__AVAILABLE DATA__
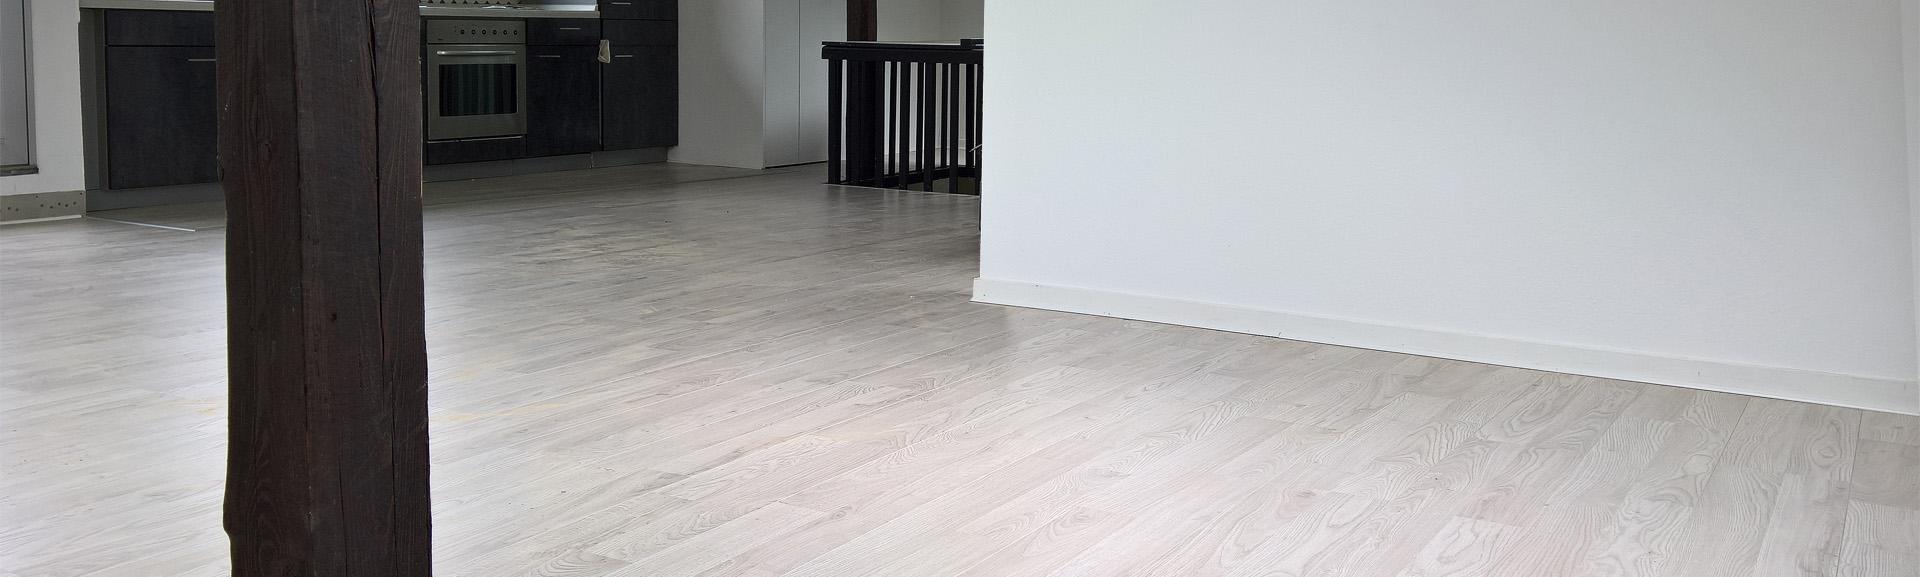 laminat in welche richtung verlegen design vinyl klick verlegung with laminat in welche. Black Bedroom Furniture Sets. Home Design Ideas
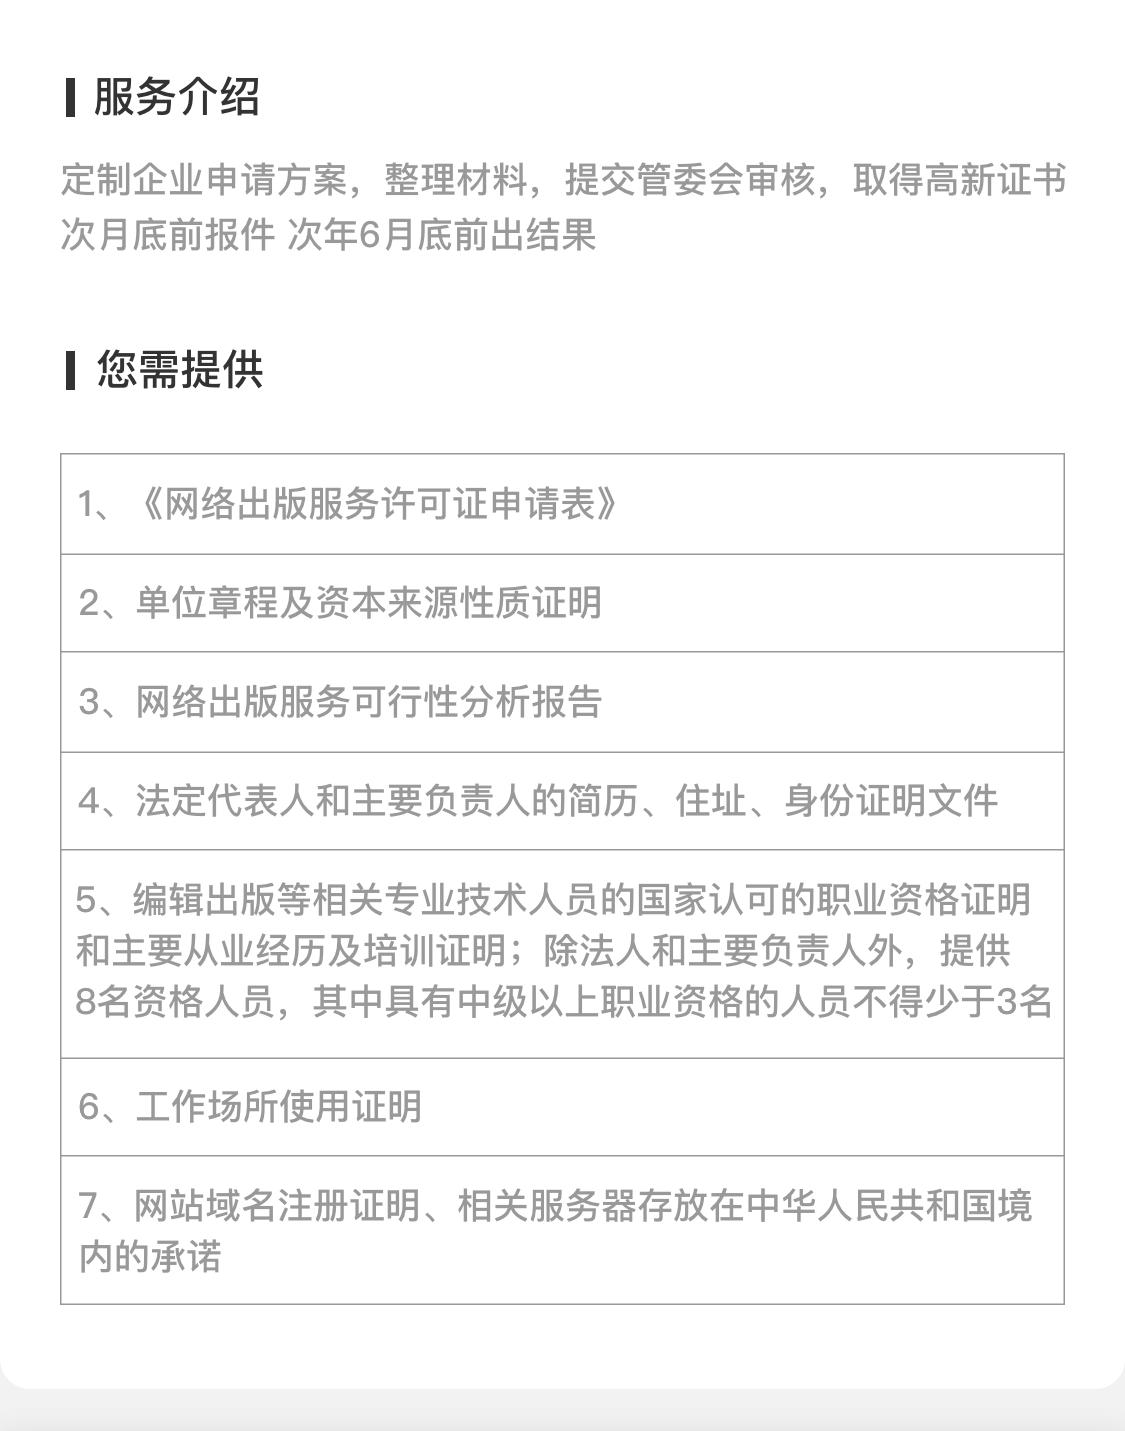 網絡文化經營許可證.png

* * *

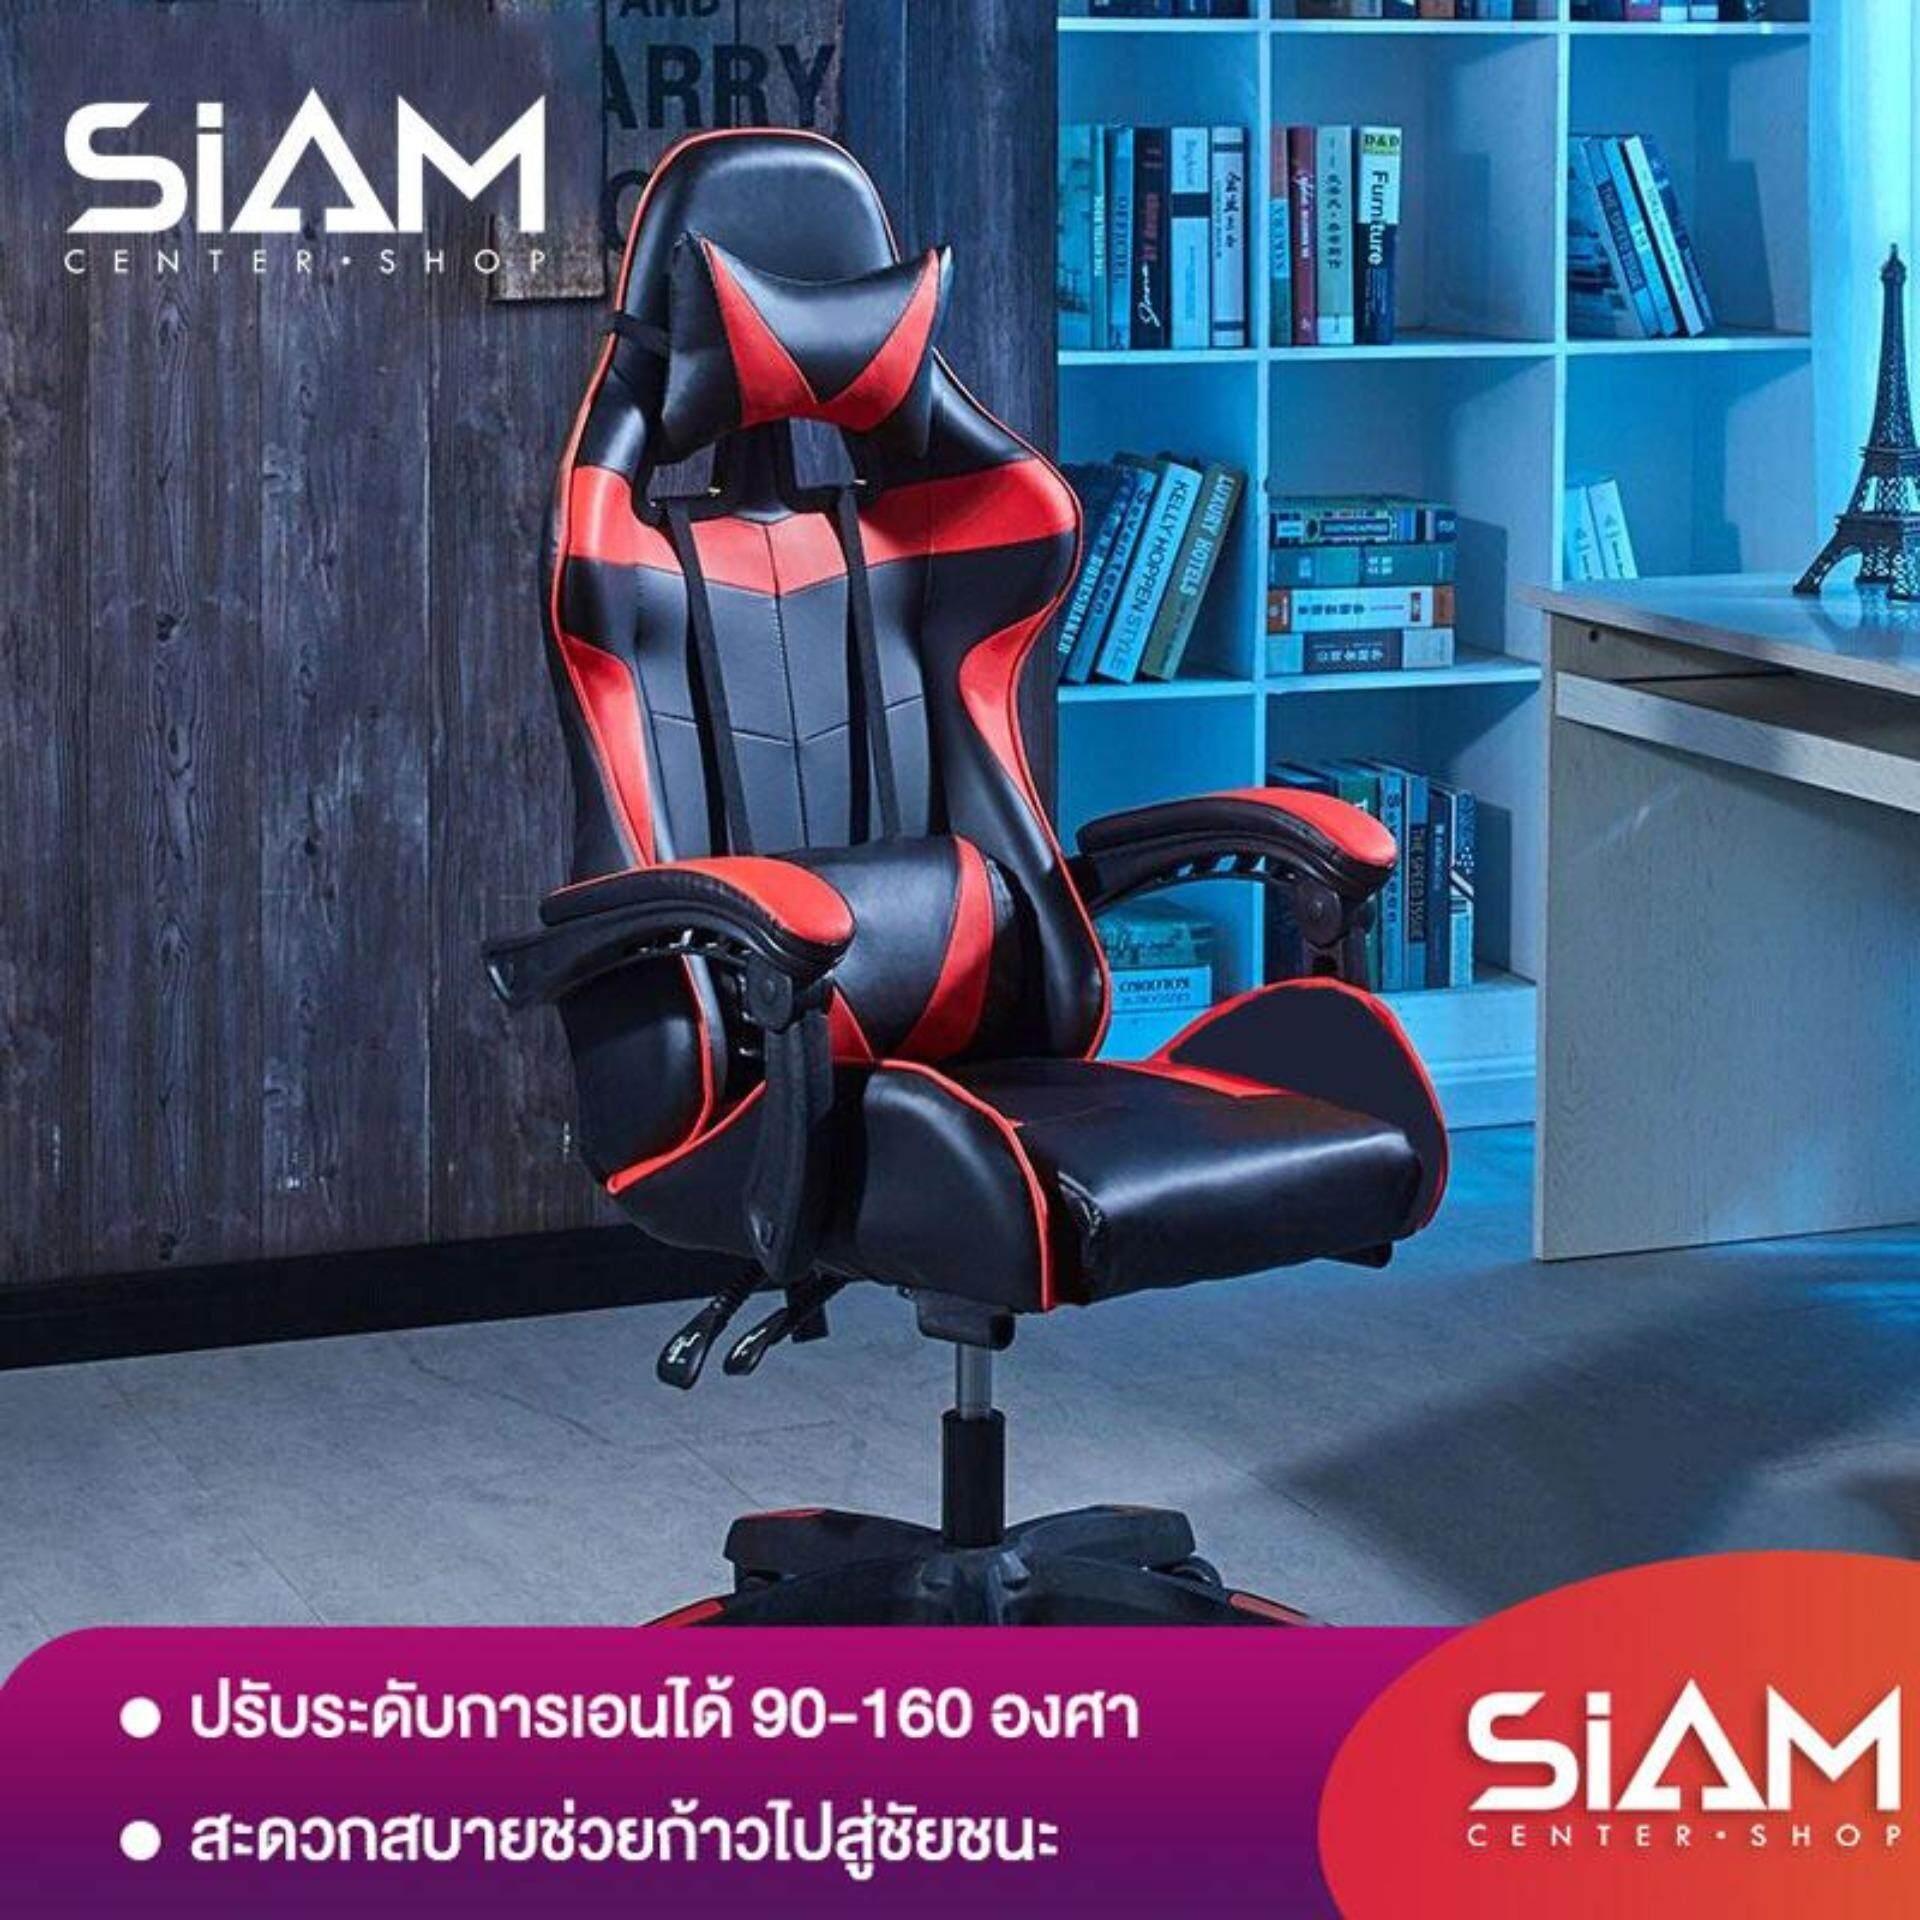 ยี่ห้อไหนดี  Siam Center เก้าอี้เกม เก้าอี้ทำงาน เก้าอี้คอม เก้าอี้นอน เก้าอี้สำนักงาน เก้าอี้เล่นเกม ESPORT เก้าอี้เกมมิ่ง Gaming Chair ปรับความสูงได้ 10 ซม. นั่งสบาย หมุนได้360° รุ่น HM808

__TASK BRIEF__
Return only the part above that opens with the line containing "laminat in welche richtung" and closes with the line containing "網絡文化經營許可證.png", exactly and with both ends, skipping the pictures.

__PROBLEM SOLUTION__
 laminat in welche richtung verlegen design vinyl klick verlegung with laminat in welche. Black Bedroom Furniture Sets. Home Design Ideas
 網絡文化經營許可證.png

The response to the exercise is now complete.